A GPU With Nothing Useful to Decode
In a distributed LLM serving system the scheduler, not the arithmetic, decides how much useful work a cluster delivers. Every replica has a fixed pool of accelerators and a fixed KV-cache budget, and at each generation step a scheduler chooses which queued requests to admit into the running batch, which to make wait, and which already-running sequence to evict so that a higher-priority request can move forward. Get those choices right and a modest fleet meets its latency targets at high utilization; get them wrong and the same hardware burns cycles on work that misses its deadline anyway. This section lifts the single-node continuous batching of Section 22.7 into a distributed scheduling problem that spans replicas, tensor and pipeline groups, and the disaggregated prefill/decode pools of Section 24.5, and shows why achieved goodput is a scheduling outcome before it is a hardware one.
The previous sections of this chapter built the parts of a distributed LLM server: tensor and pipeline groups that hold a model too large for one device, a paged KV cache (Section 24.4) that lets many sequences share accelerator memory at block granularity, and the prefill/decode disaggregation (Section 24.5) that sends the two phases of generation to pools tuned for each. None of those parts produces a single completed response on its own. The component that turns a pile of capable hardware into a stream of finished generations is the scheduler, and it is the subject of this section.
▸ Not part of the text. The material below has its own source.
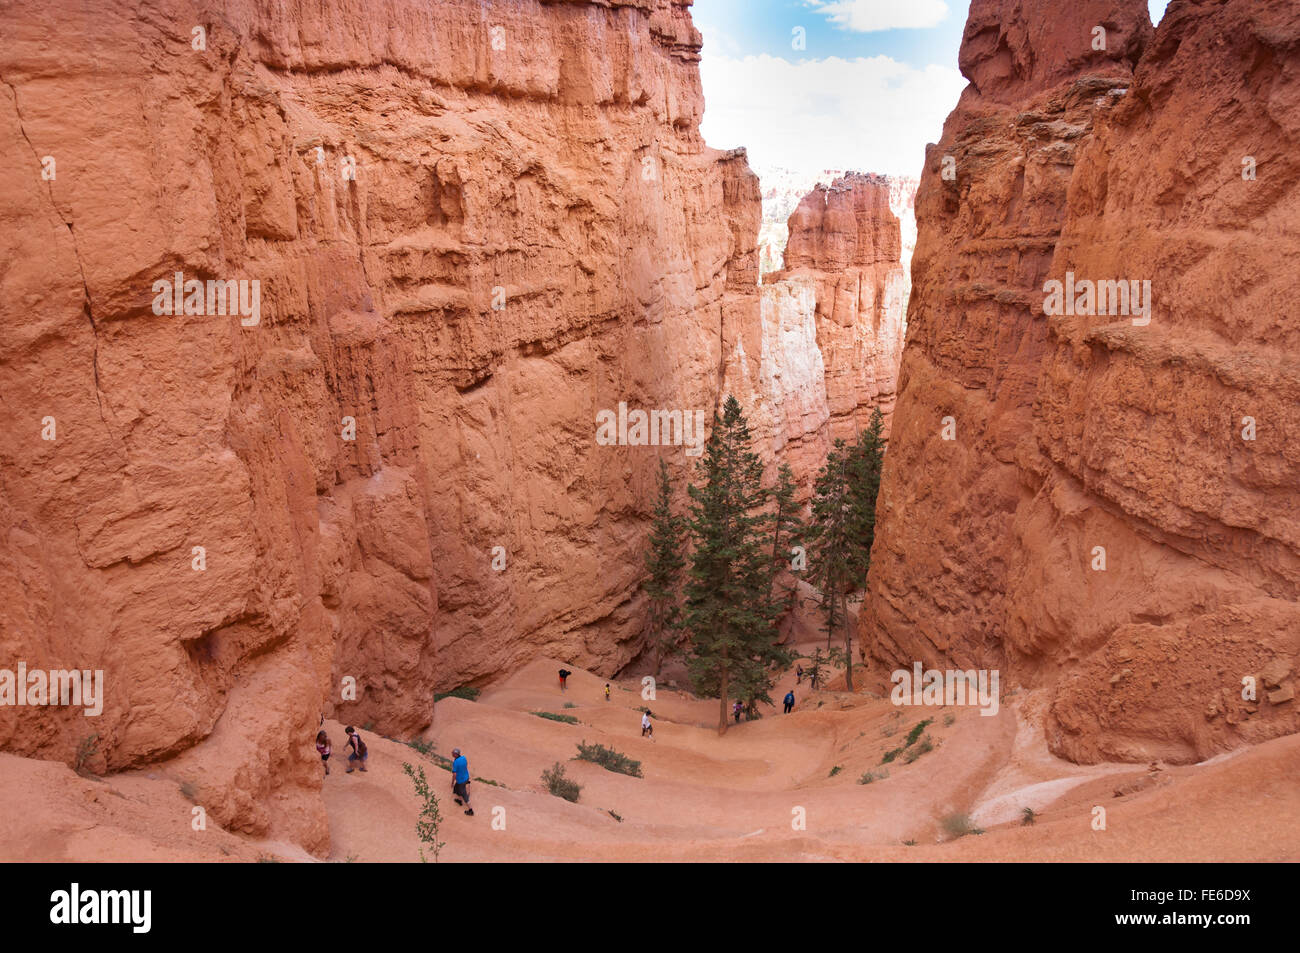 Le Bryce Canyon National Park, Utah, United States Banque D'Images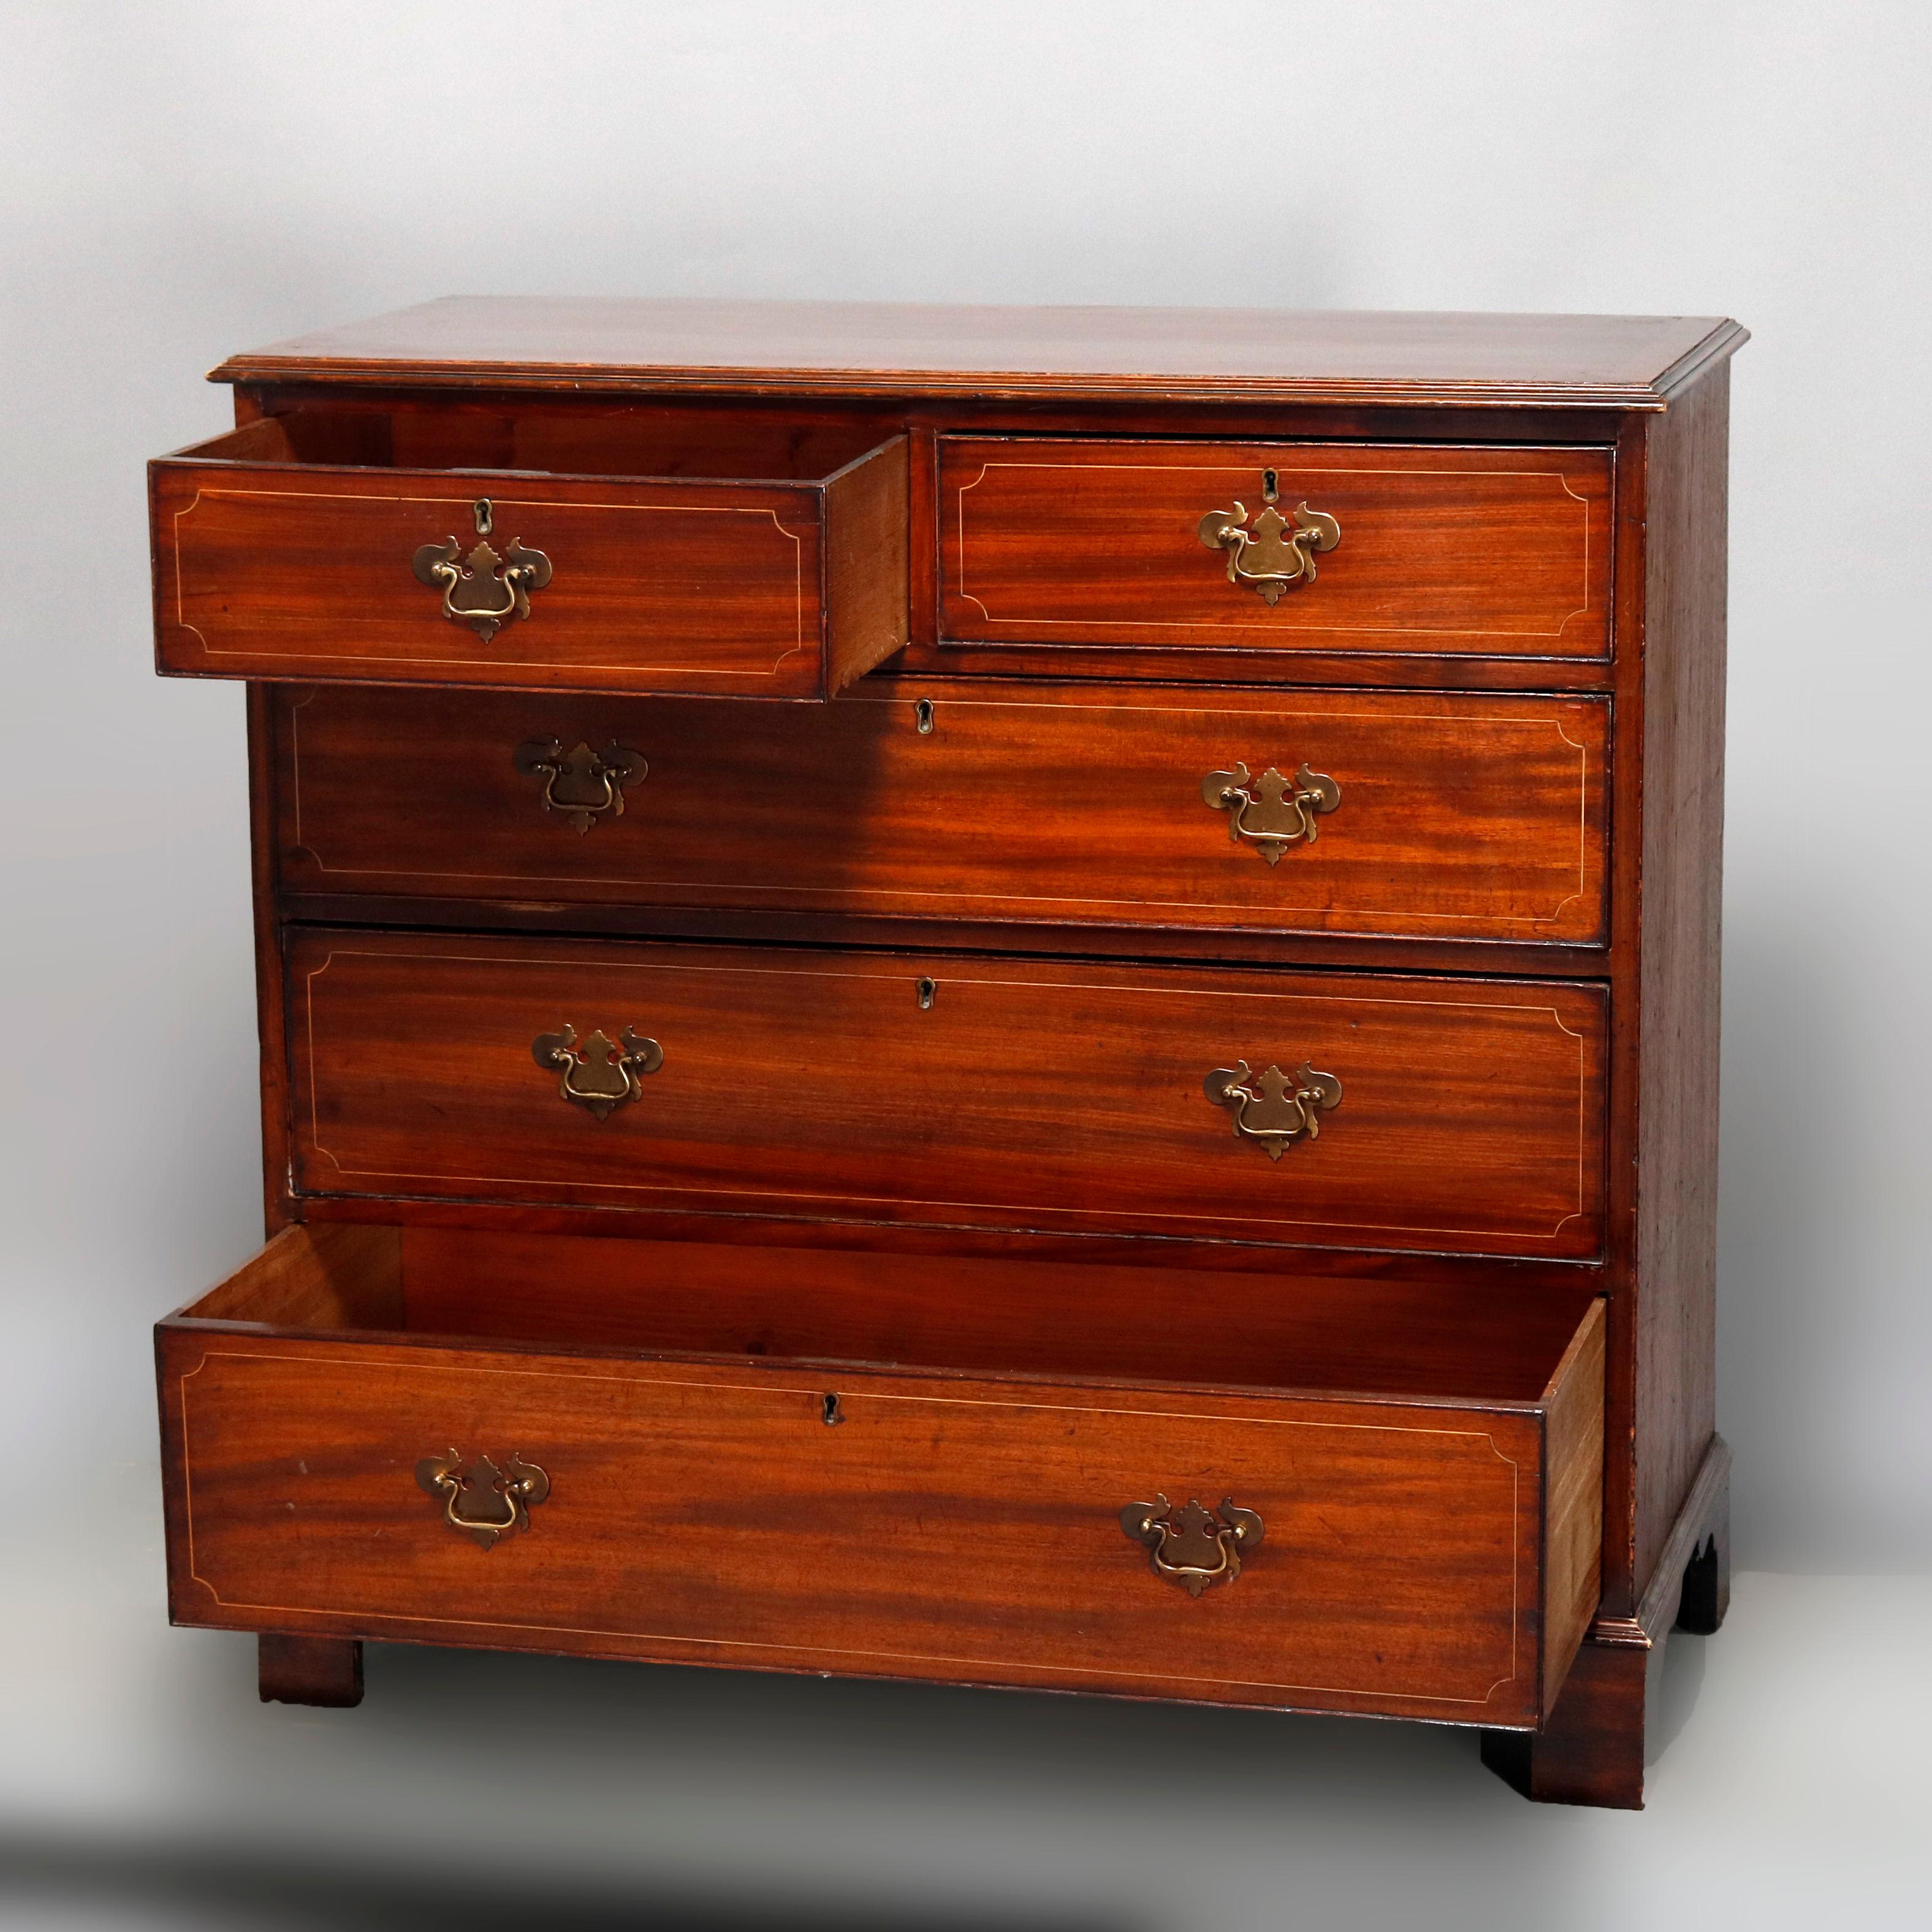 An antique English Georgian chest of drawers offers construction with deeply striated mahogany case having two smaller upper drawers over three long drawers, satinwood inlaid banding throughout and raised on bracket feet, 19th century

Measures:

It is also the component that most directly determines whether your service-level objectives are met, because the scheduler is where requests wait, where they compete for scarce KV blocks, and where the decision to favor one request implies making another wait.
What makes LLM serving distinctive, and what separates it from the request scheduling of an ordinary web service, is that a single LLM request is not one unit of work but hundreds: one expensive prefill step followed by many cheap decode steps, each of which must be batched with other requests to use the accelerator efficiently. The scheduler therefore operates not once per request but once per iteration, reconsidering the whole running set every time the model produces a token. That iteration-level granularity, introduced for one node in Chapter 22, is the hinge of this section, and everything below is about exercising it well across a cluster under a real KV-cache budget and real deadlines.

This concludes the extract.